Thom was gesticulating with his hands, Ellen leaning a little back, but she had a relaxed half smile on her face.

Just flirting, Wendy told herself, but she kept an eye on them for the next ten minutes.

Who even invited Ellen? And hadn’t she had a baby recently?

What was she doing out in the middle of the night?

Daniela grabbed her hands and they swung around, the song tailing toward its conclusion, Nina Simone singing “power” again

and again. When it finally ended and Daniela and she stood there, breathing hard, sweating, both laughing, Wendy swung her

head around to see who was still at the party. Someone turned on the overhead fluorescent lights and the room was bathed in

a harsh glow, illuminating the ragged tackiness of the VFW hall and the motley assortment of the party’s remaining guests.

Thom was coming toward her, a glass of something in his hand. Ellen was gone all of a sudden.

“Here, drink this,” Thom said.

“Are you crazy?”

“It’s water.”

“Oh.” Wendy drank, the water tasting better than anything she’d consumed that night, even though she was a little annoyed

that Thom was trying to take care of her.
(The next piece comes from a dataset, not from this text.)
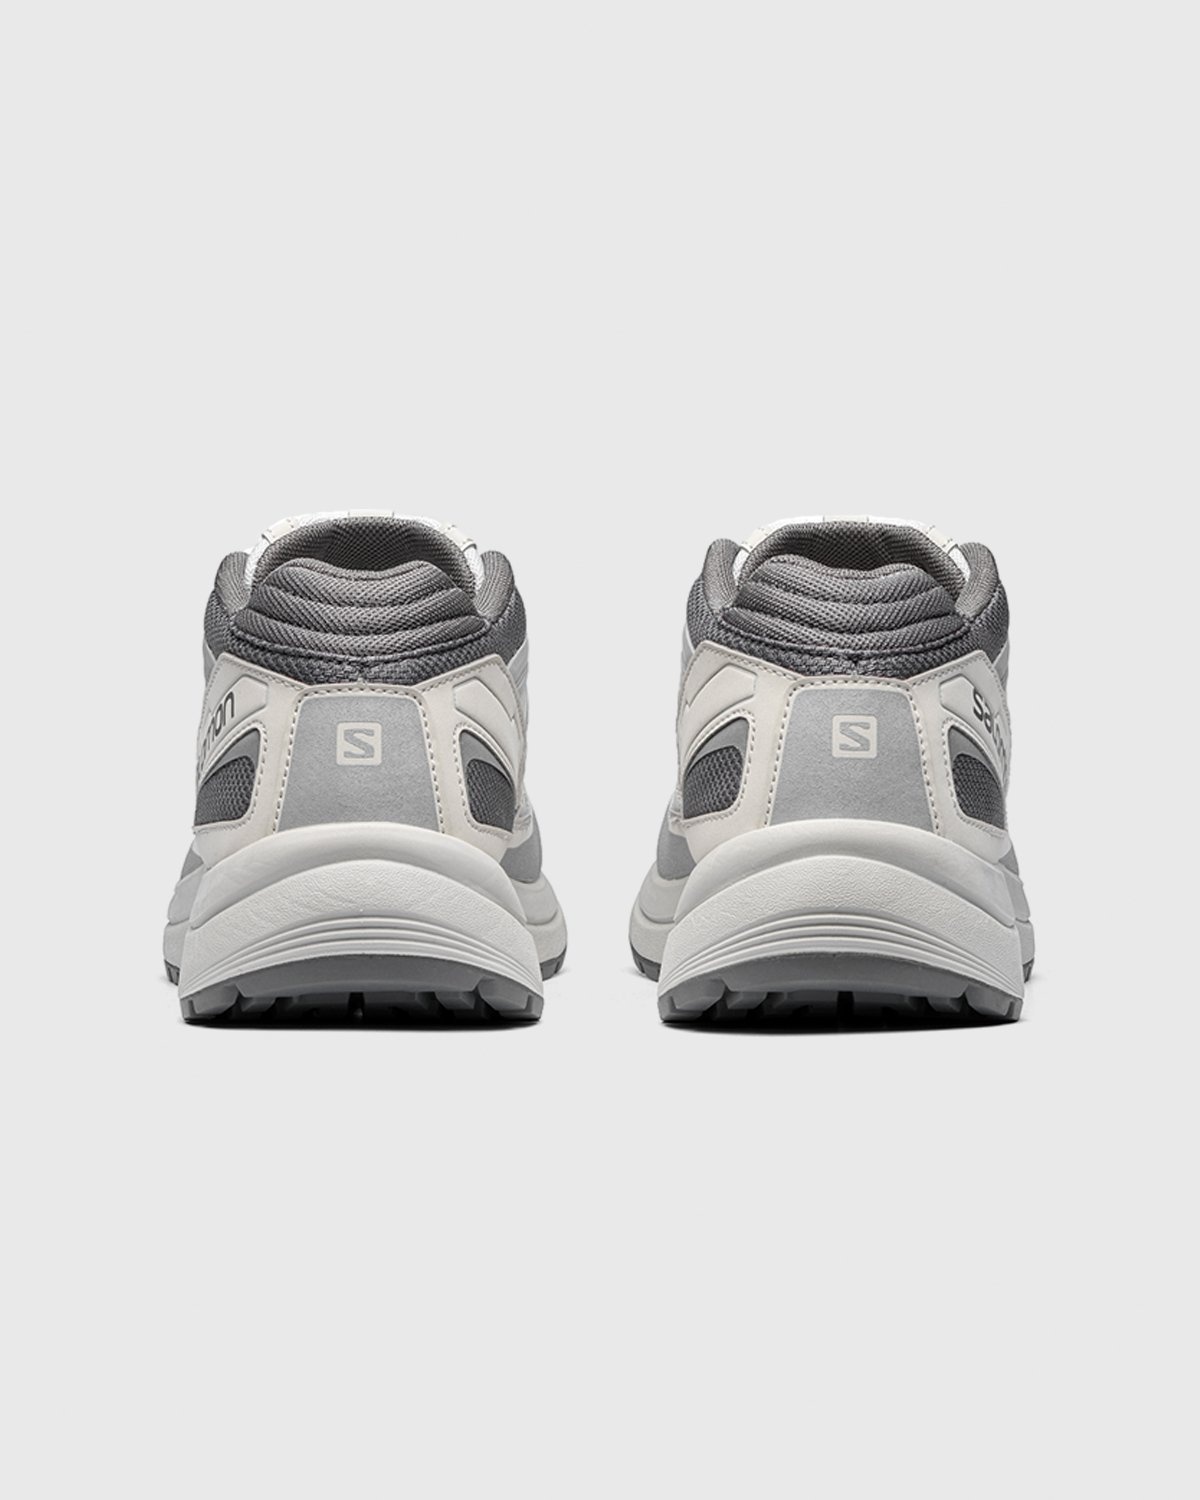 Salomon – Odyssey 1 Advanced Grey - Low Top Sneakers - Grey - Image 3
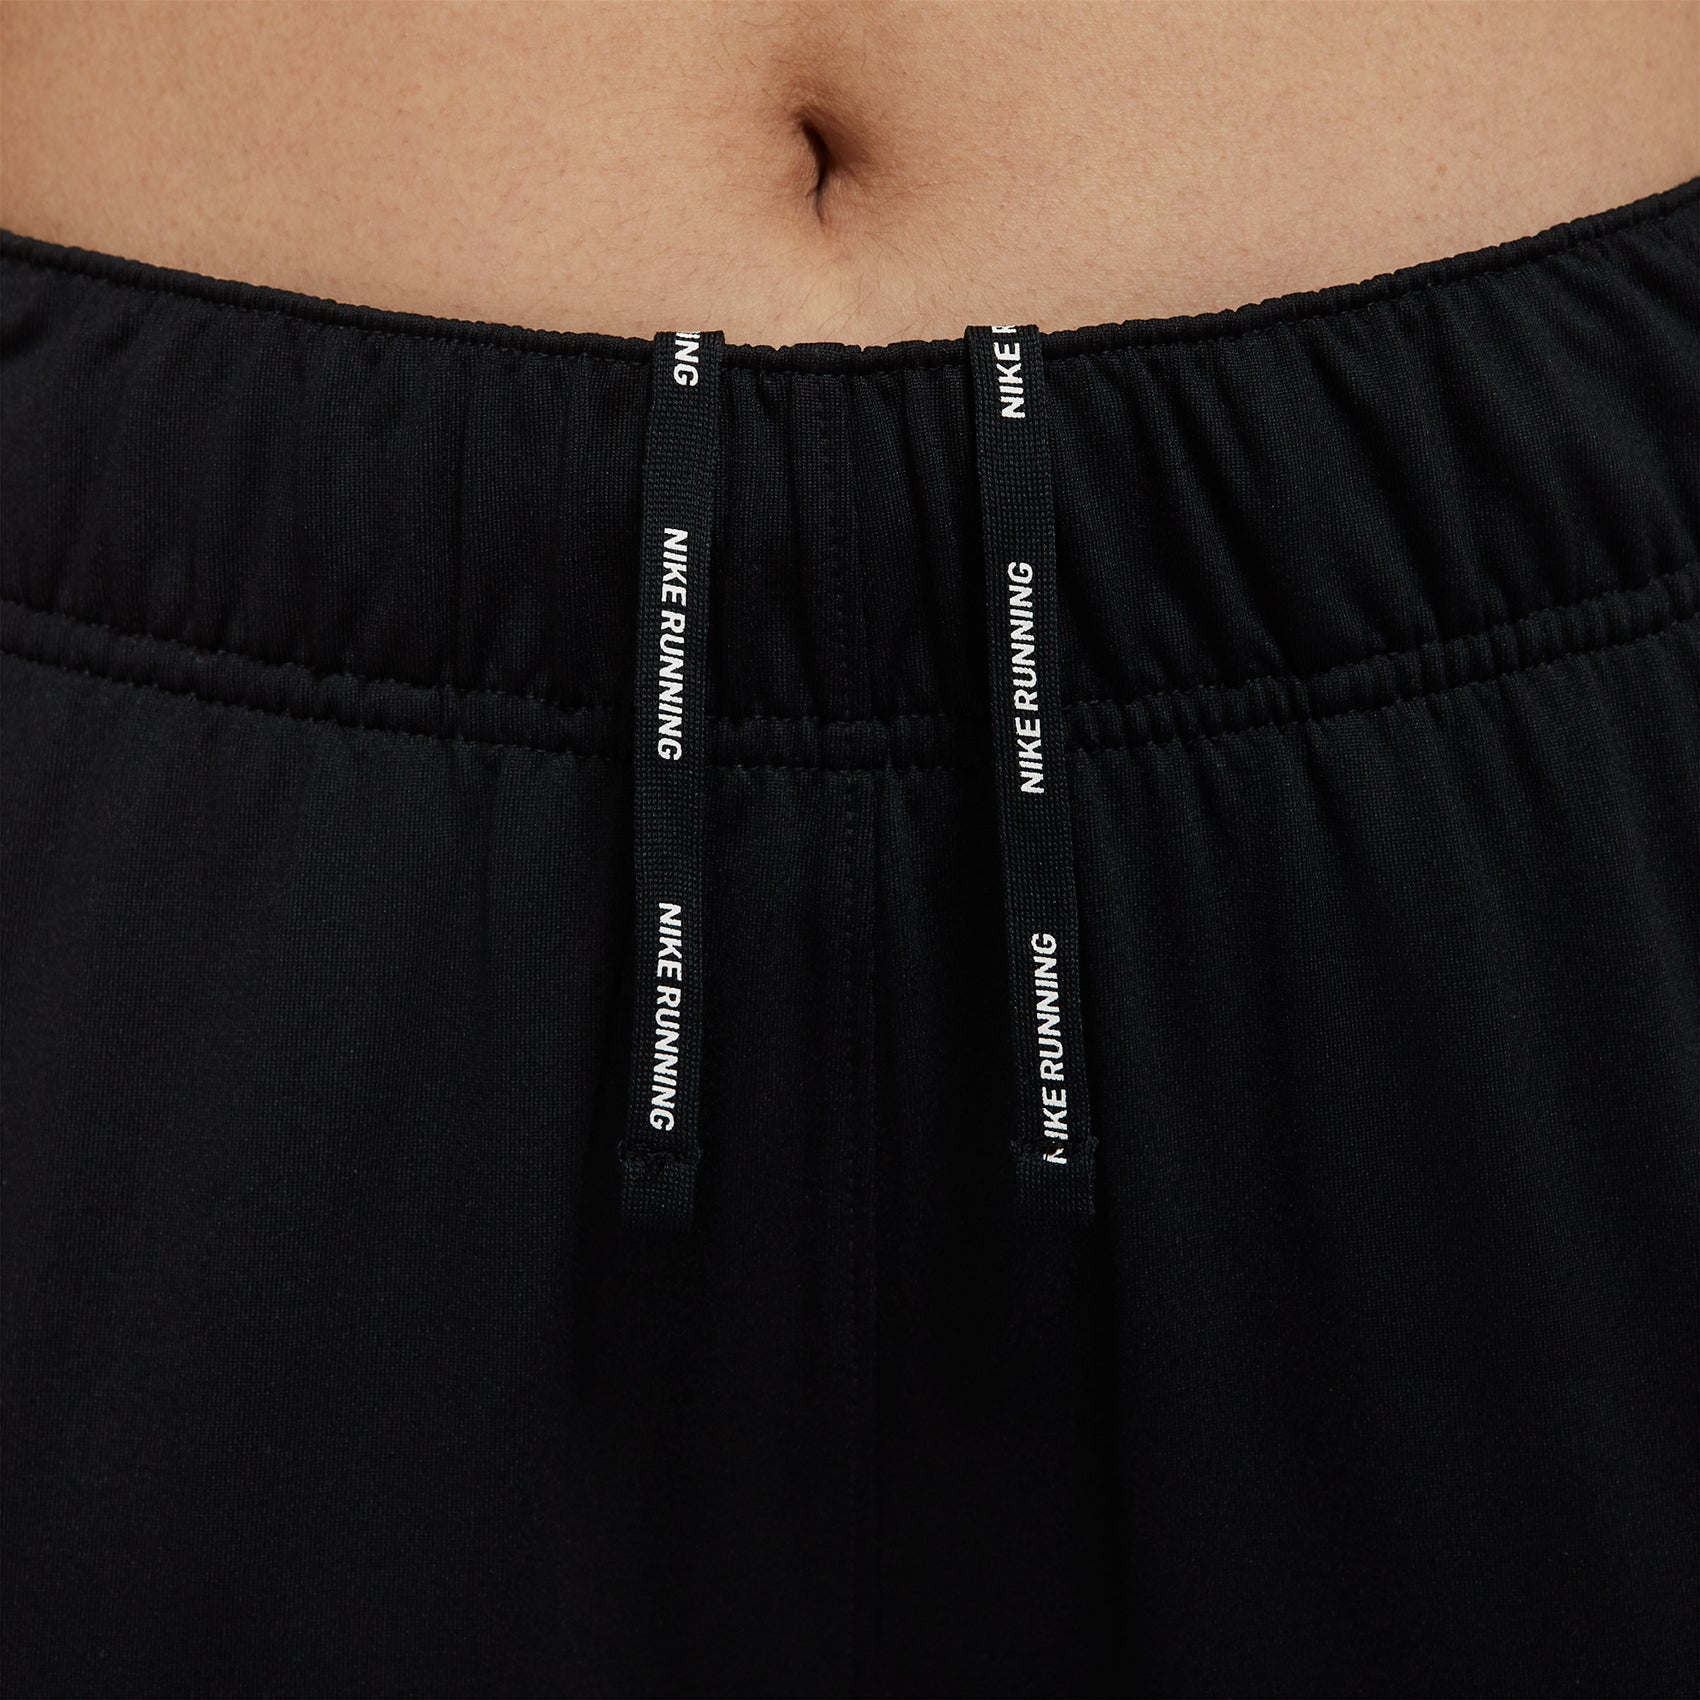 Nike Dri-FIT Essential Women s Running Pants

They were driven home by Jason and Laura in Jason’s Kia. They sat together in the backseat like two kids while Jason continued

to play music from his phone that was somehow coming out of his car speakers. Jason dropped them off then pulled out of the

gravel driveway to take Laura to her home on the other side of town.
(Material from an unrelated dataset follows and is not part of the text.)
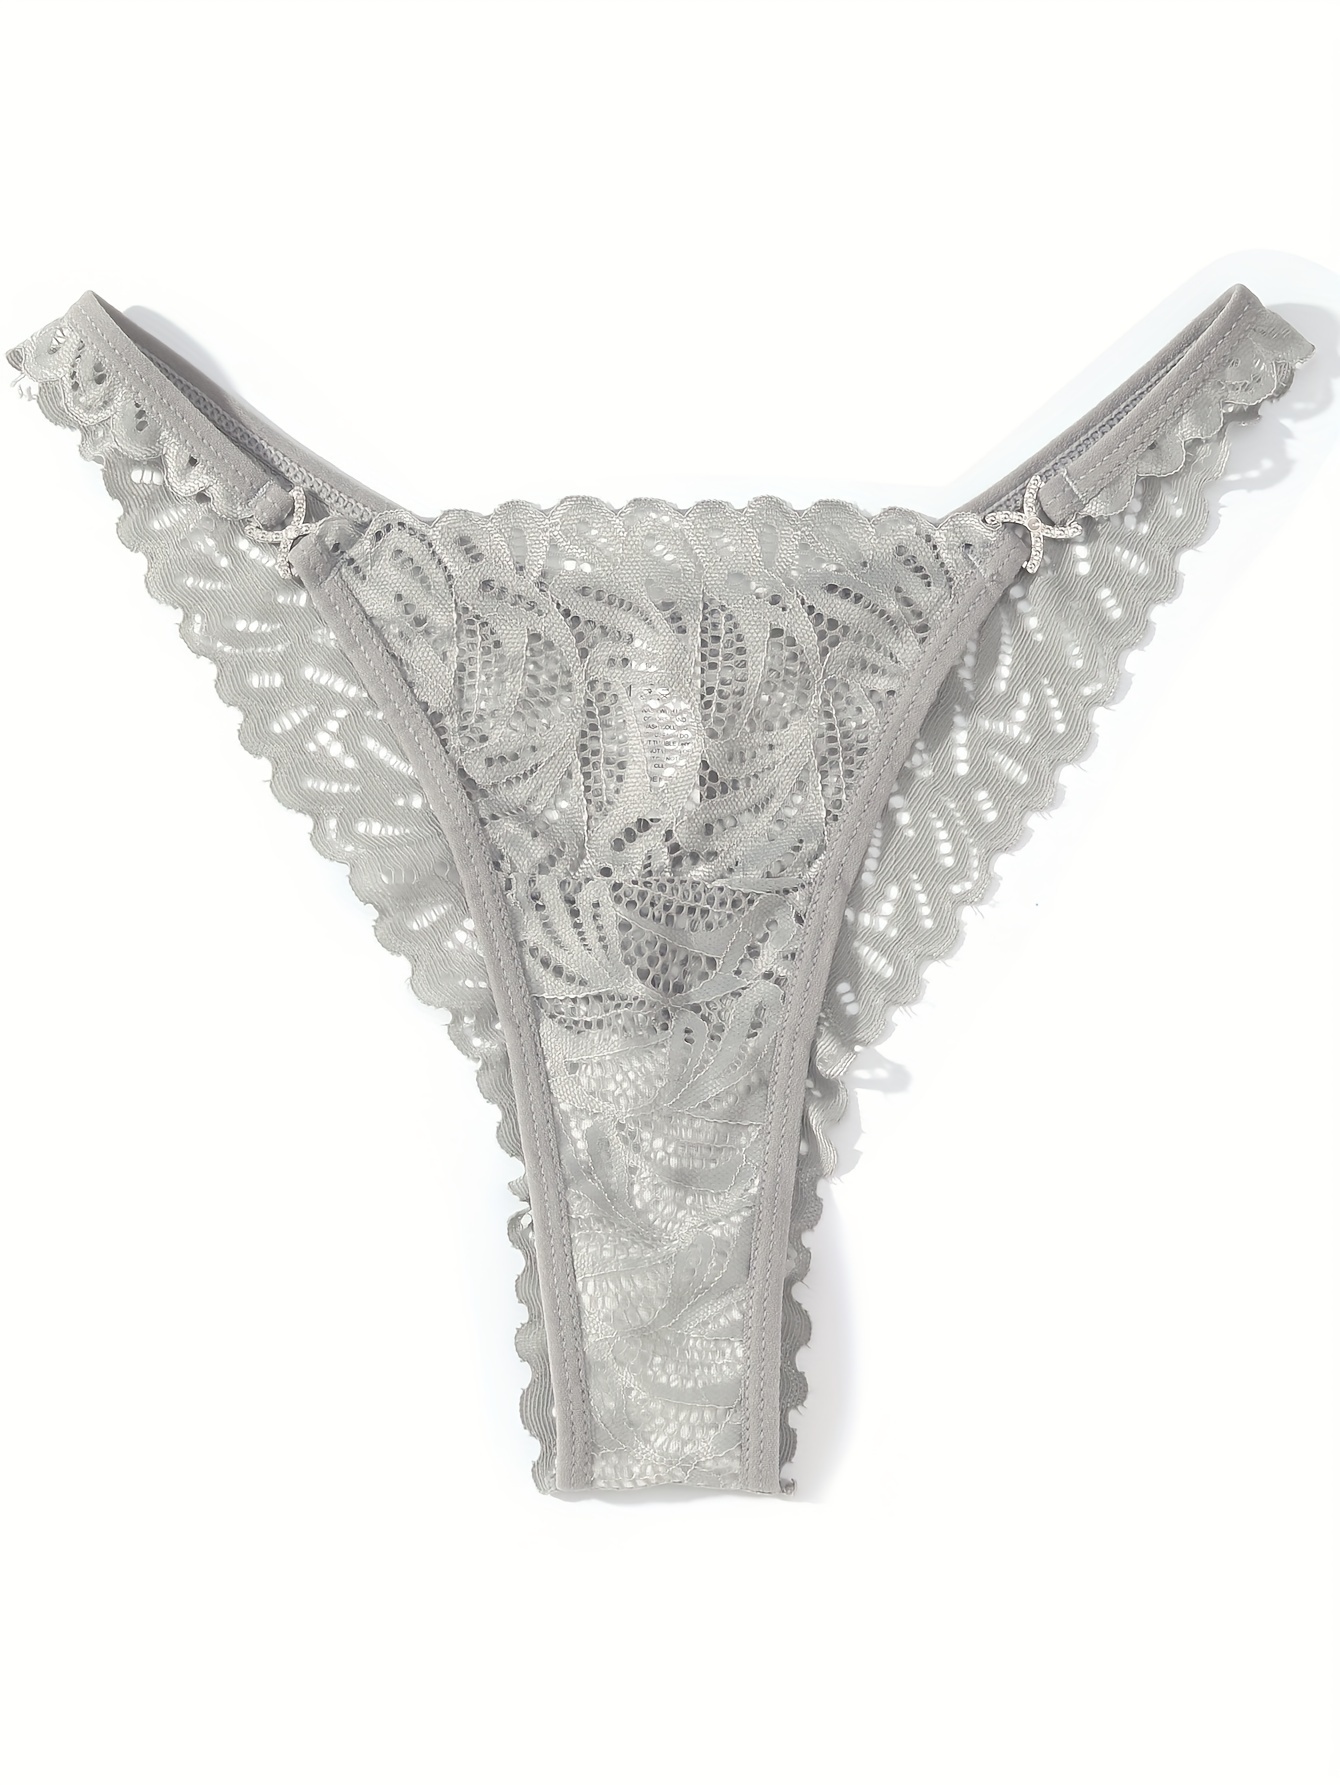 3pcs/lot Sexy Lace Thongs Panties Women Underwear T-Back Breathable Panty  Ladies Briefs

When they got into the house Thom asked Wendy if she’d like a nightcap in the living room.

“God, no. I need to get into bed.”

She went upstairs, surprised that Thom followed her, talking about the highs and lows of the party.
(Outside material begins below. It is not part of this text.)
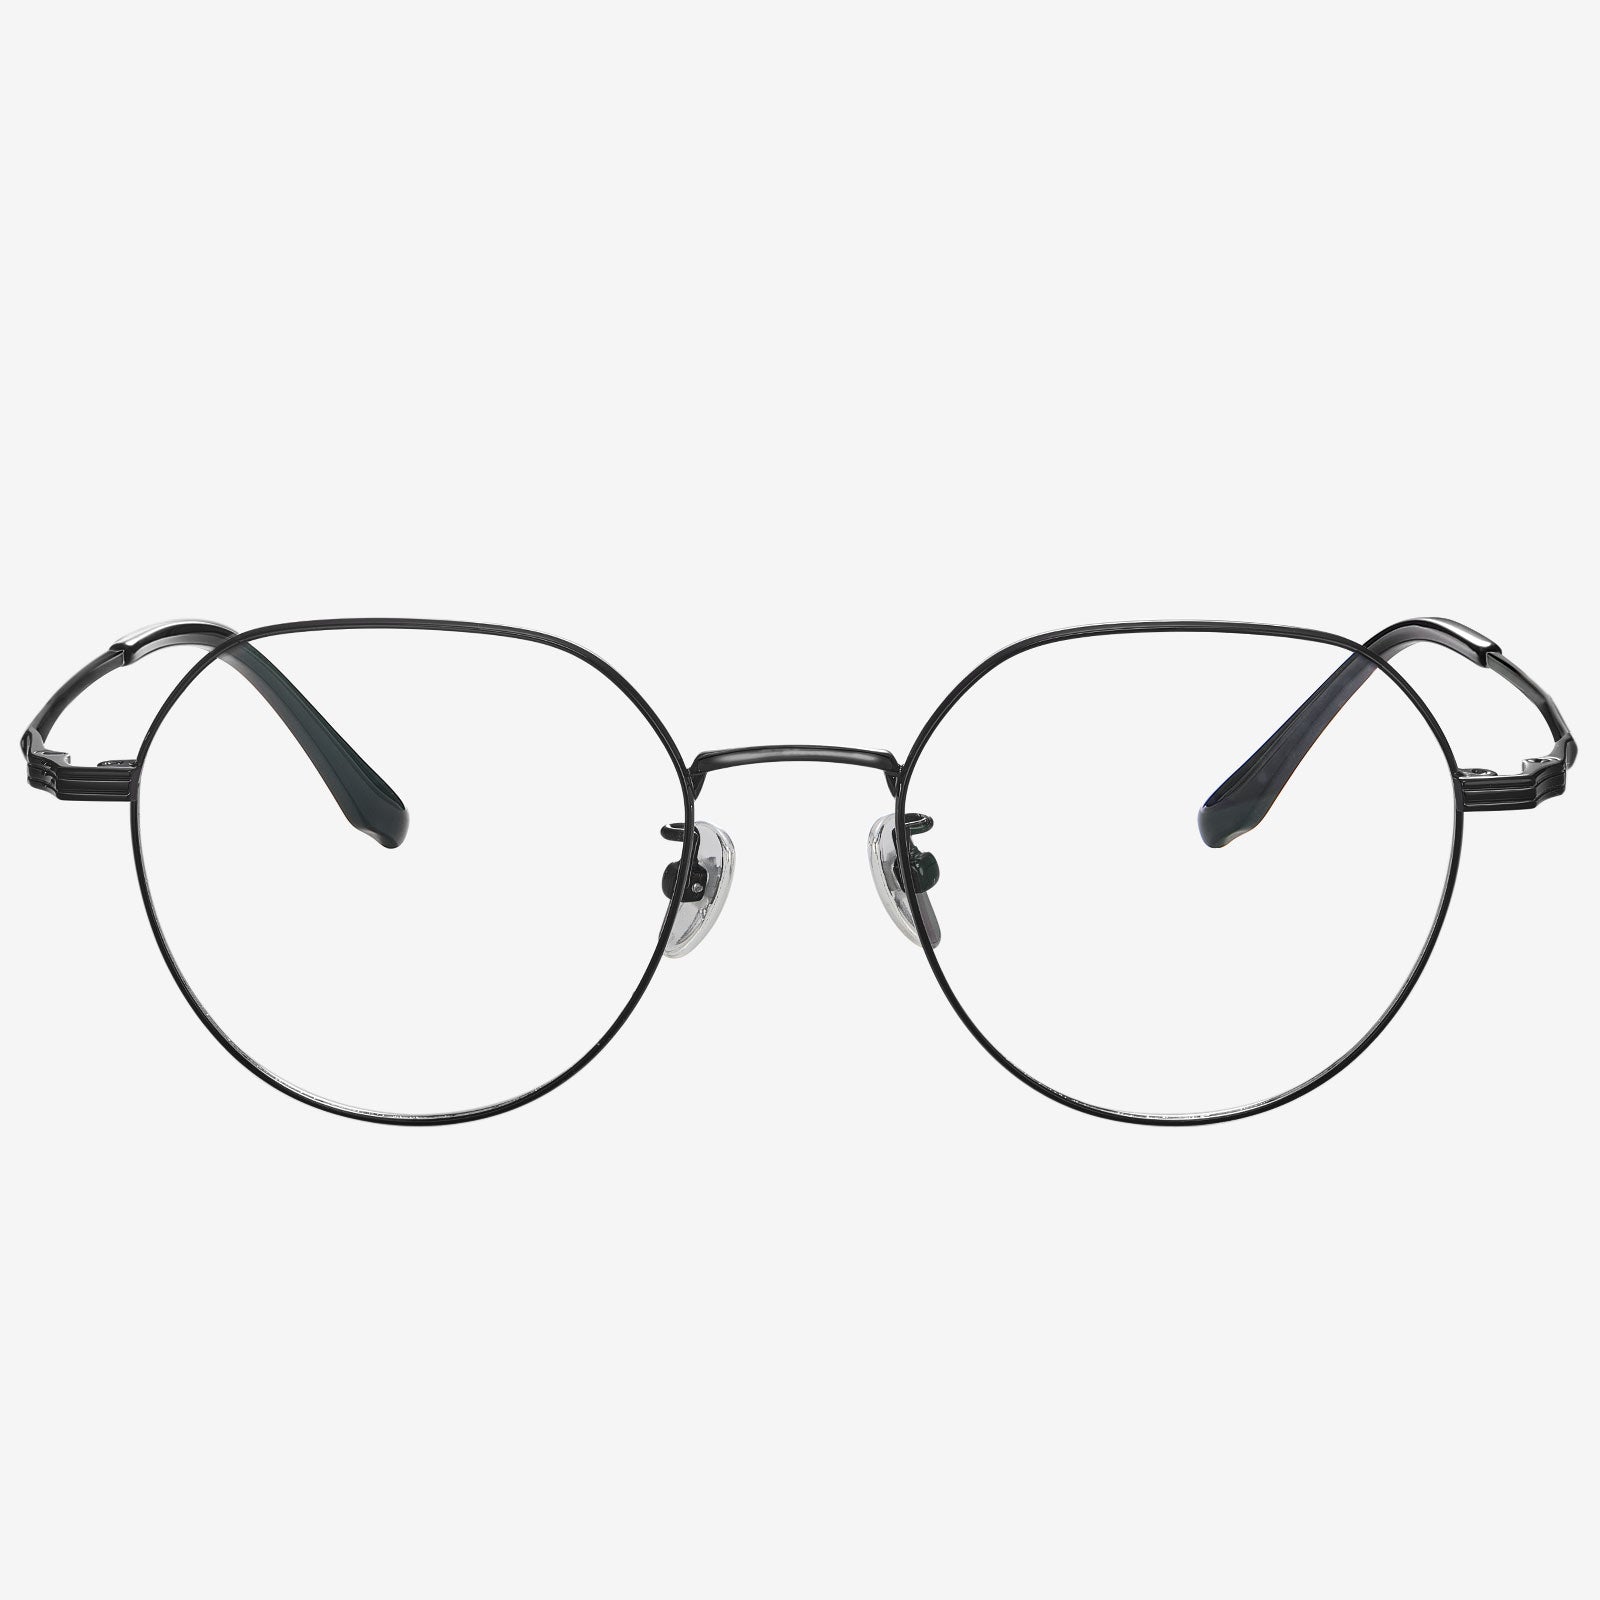 Titanium Glasses Frames | The Most Durable Frame | KOALAEYE

“Aren’t you drunk?” Wendy said.

Thom laughed. “Strangely, no. I told myself to alternate every alcoholic beverage with a glass of water and then I actually

stuck to my own plan, and now I’m completely sober.”

“That makes one of us.”

“Good, I’m glad you had fun.”

“I’m not sure I did.” Wendy had stripped off all her clothes and crawled under the covers.

“You looked like you were having fun.”

“I had fun with Daniela. I had fun dancing. What was going on with you and that mousy girl from down the street?”

“Who, Ellen?”

“Yeah, Ellen. Didn’t she just have a baby?”

“She only came to the party for an hour. Didn’t she say happy birthday to you?”

“If she did, I don’t remember. She clearly came to see you.”

Thom pulled on the flannel pajama bottoms he liked to sleep in and got into his side of the bed, propping himself up on his

pillows. “Are you jealous of a twenty-five-year-old new mom?”

“Jesus, Thom. Of course not. I’m just scared you’re going to get drunk and decide that whatever teenager you’re obsessed with

should hear all about how you married a monster.”

“I don’t think you’re a monster. You know that.”

“Maybe you should think of me as a monster.”

“Why is that?”

“You’re not the only murderer in this family, you know. You’re just the only one who can’t move past it.” Despite how tired

she was, her spoken words felt cathartic, like the beginning of something.

“Sure, sure,” Thom said. “We were in it together.”

“That’s not what I meant,” she said. “It’s... never mind. It’s late. I’m drunk. Jason will be back soon.”